Task statement:
Print out the data that follows exactly, character for character, apart from the pictures.

Given information:
○ ○ ○ ○ ○ ○ ○

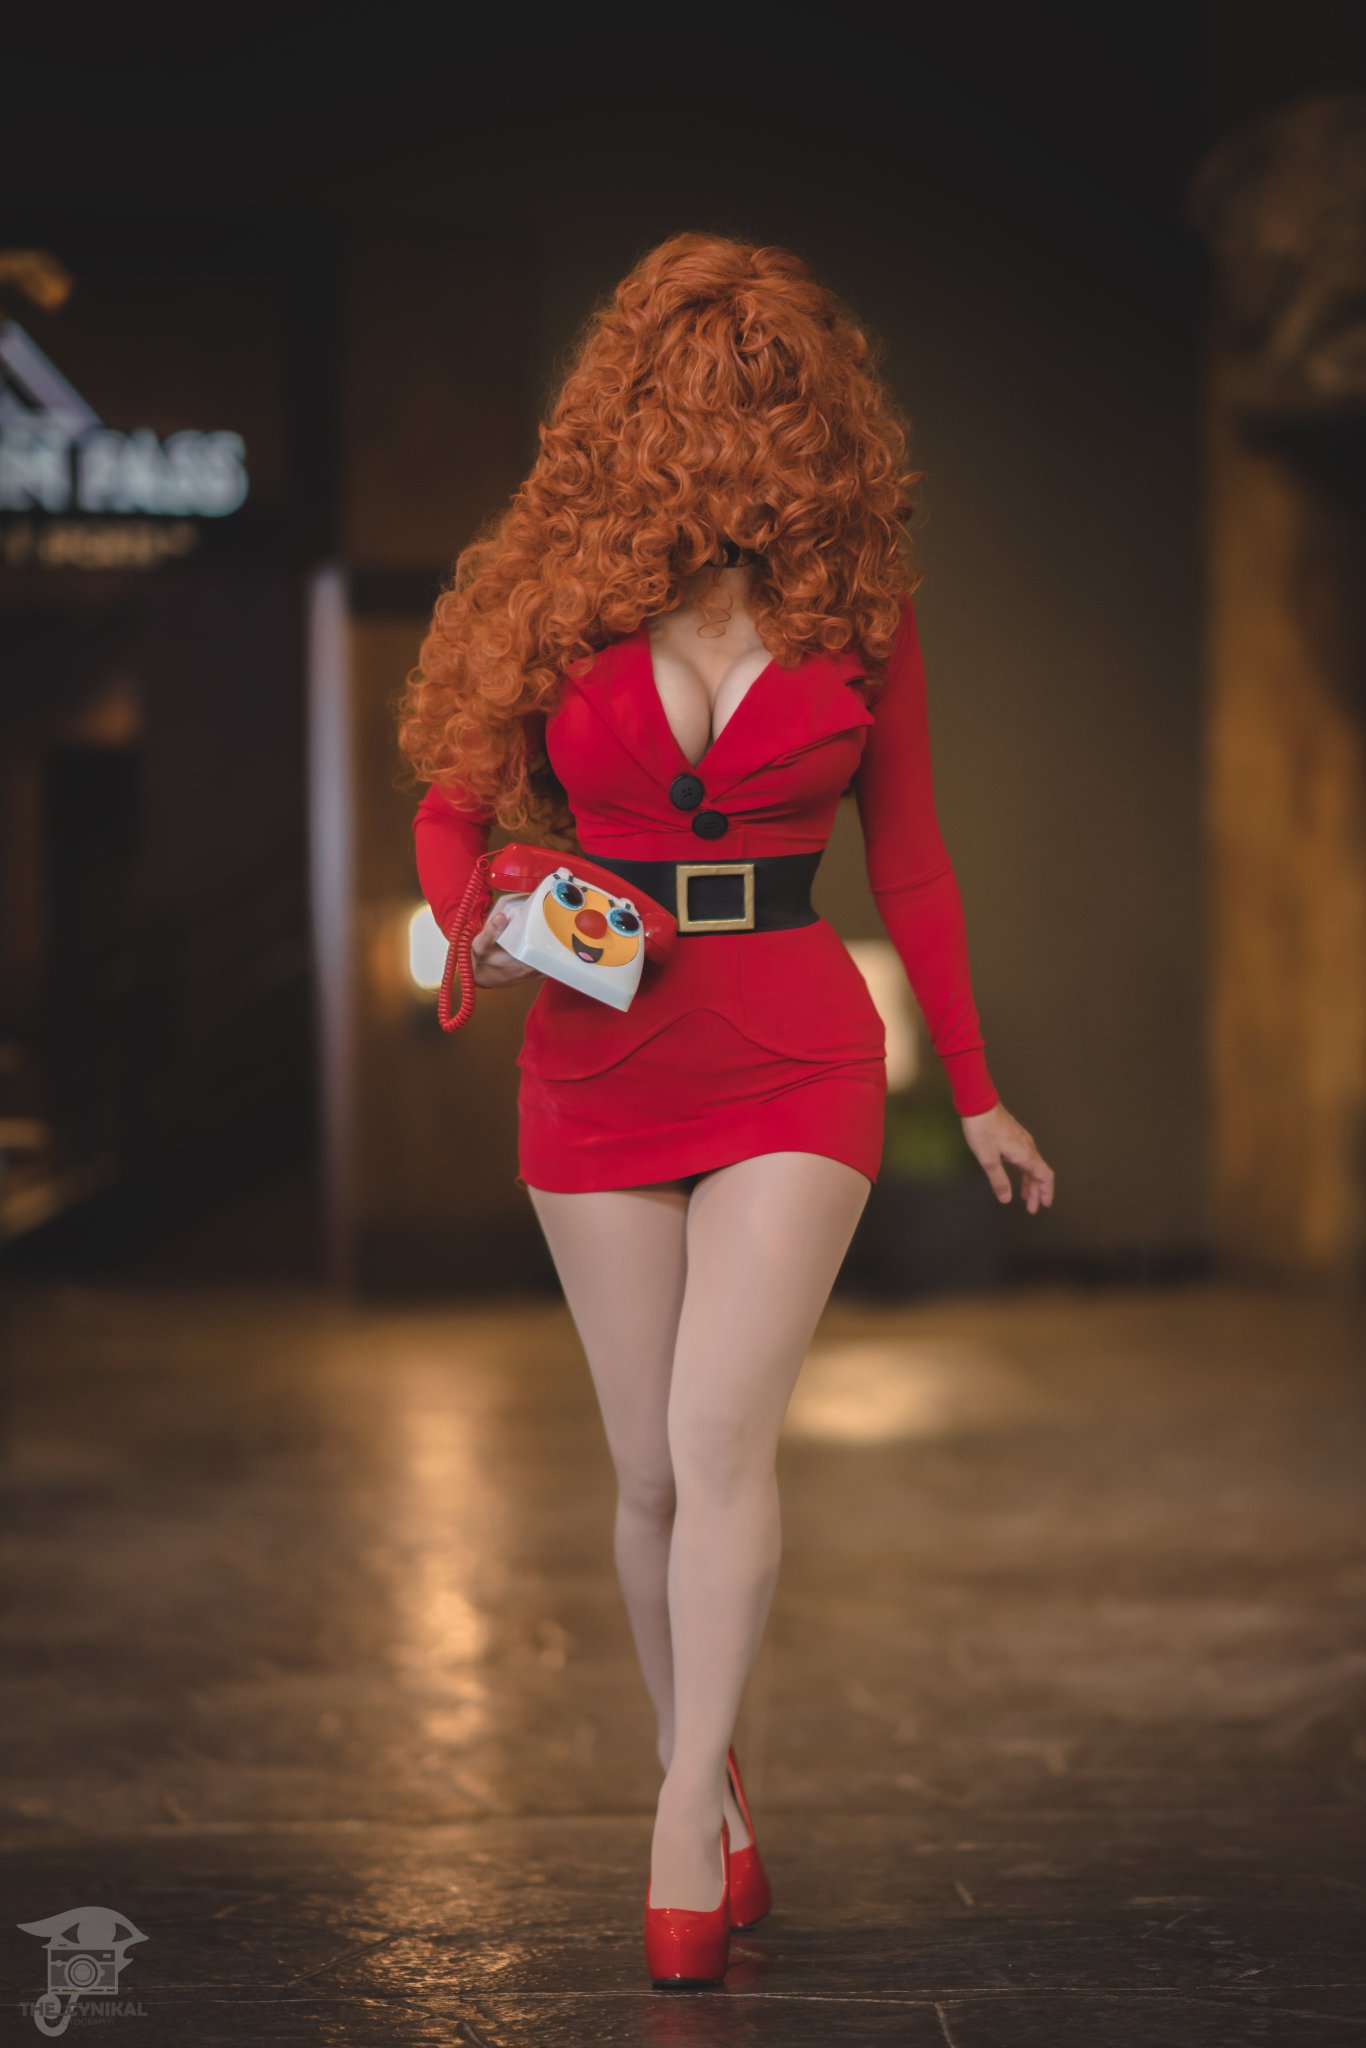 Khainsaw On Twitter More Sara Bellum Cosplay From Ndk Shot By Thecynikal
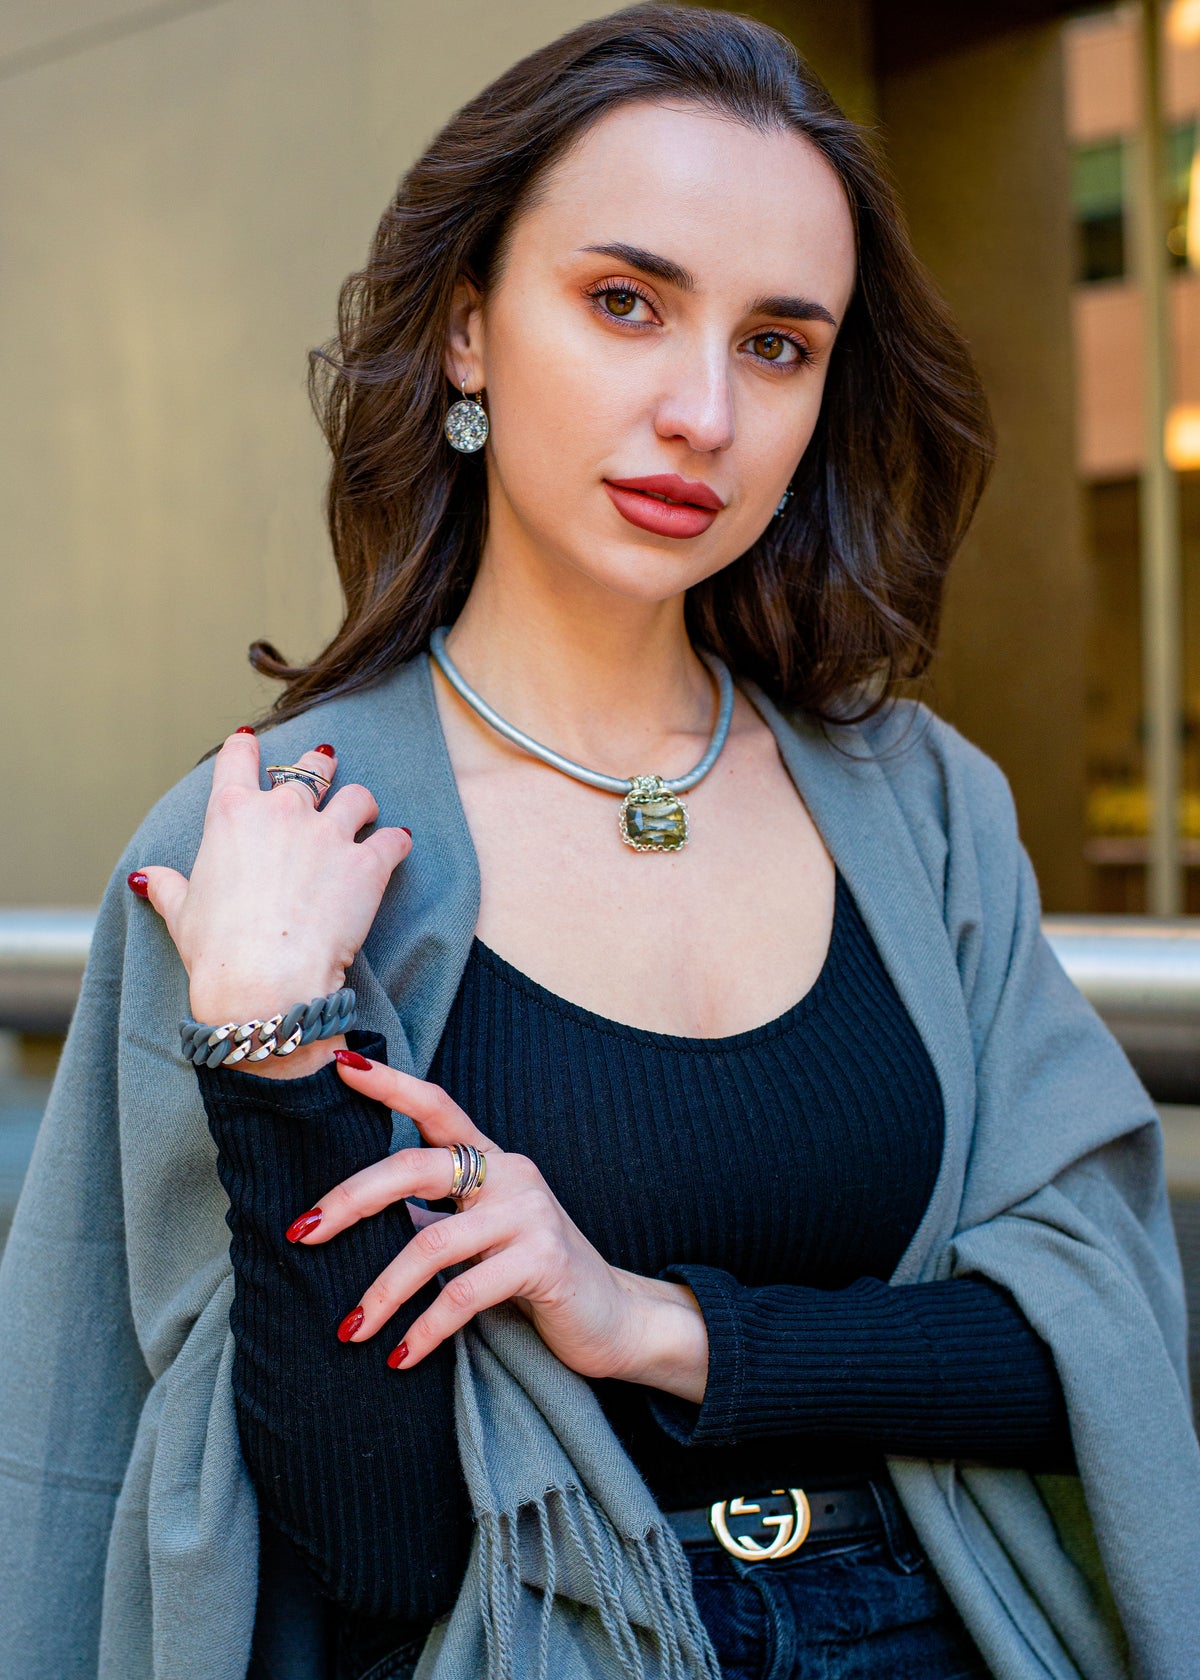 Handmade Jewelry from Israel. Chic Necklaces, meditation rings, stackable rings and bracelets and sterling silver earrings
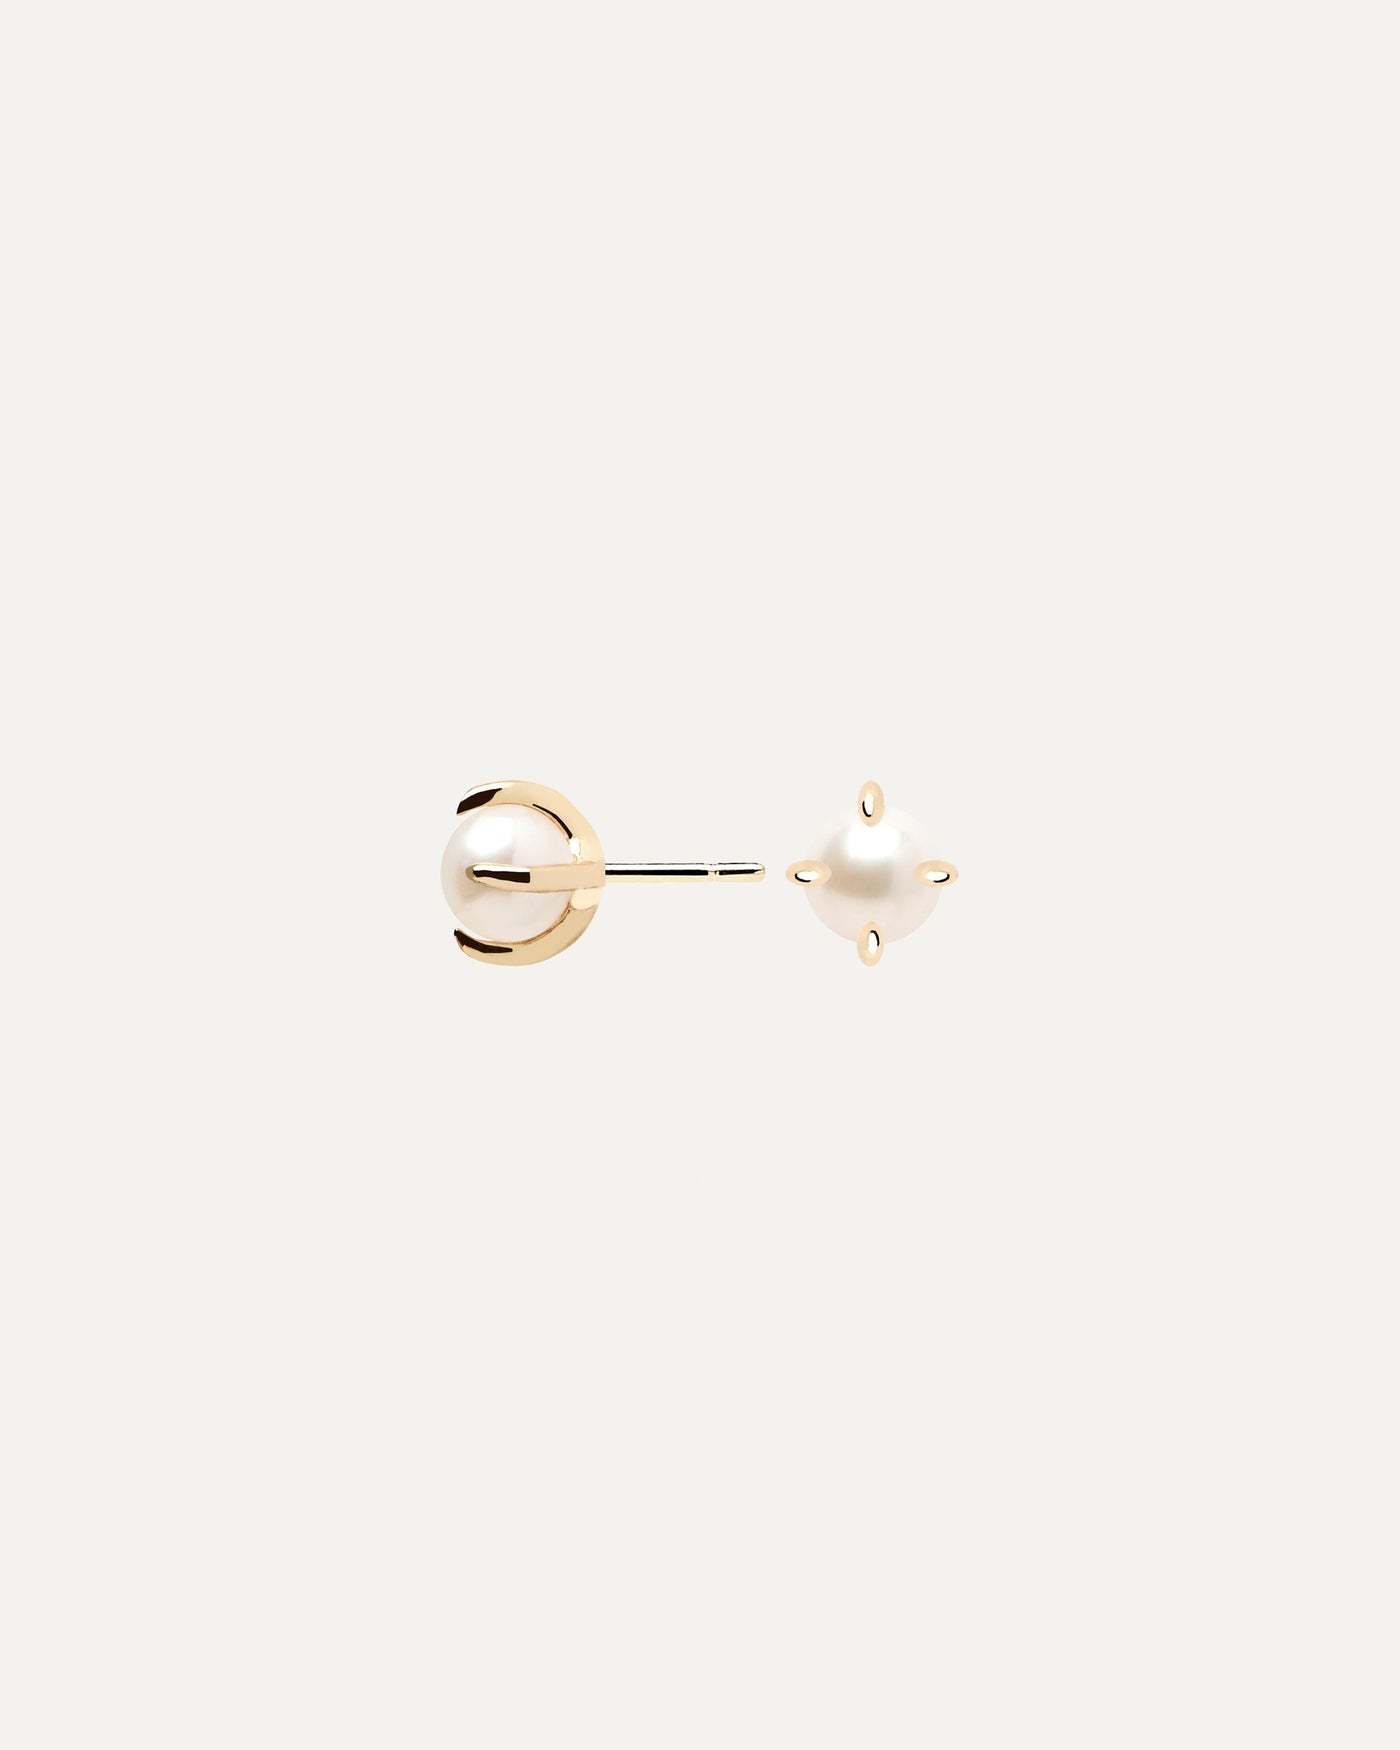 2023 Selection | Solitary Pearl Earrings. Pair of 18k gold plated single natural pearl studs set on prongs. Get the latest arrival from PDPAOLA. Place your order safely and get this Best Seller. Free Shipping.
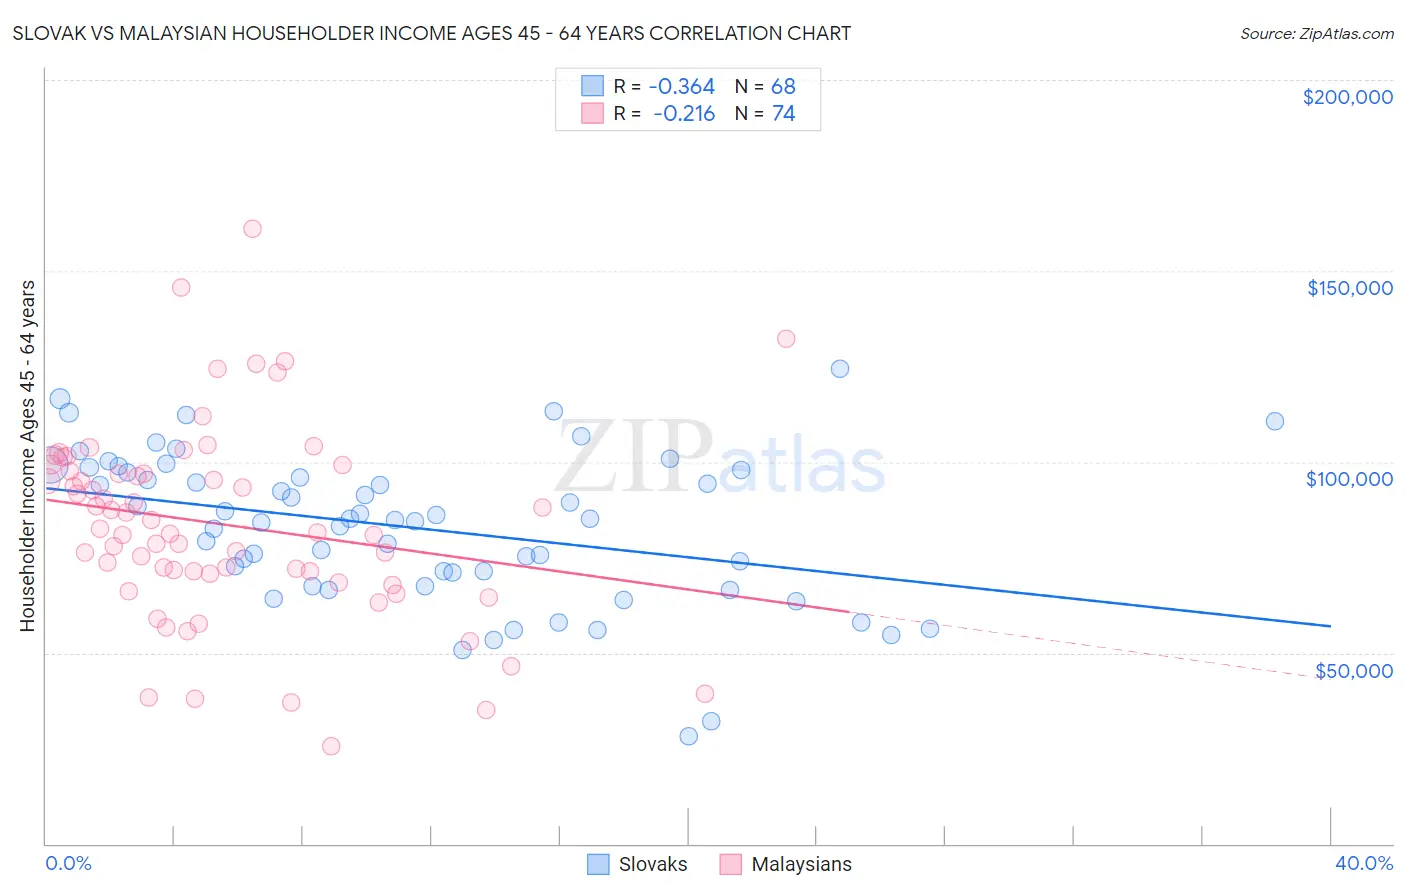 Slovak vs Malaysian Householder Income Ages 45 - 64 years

○ ○ ○ ○ ○ ○ ○

Finished exercise:
 Khainsaw On Twitter More Sara Bellum Cosplay From Ndk Shot By Thecynikal
 Handmade Jewelry from Israel. Chic Necklaces, meditation rings, stackable rings and bracelets and sterling silver earrings
 2023 Selection | Solitary Pearl Earrings. Pair of 18k gold plated single natural pearl studs set on prongs. Get the latest arrival from PDPAOLA. Place your order safely and get this Best Seller. Free Shipping.
 Slovak vs Malaysian Householder Income Ages 45 - 64 years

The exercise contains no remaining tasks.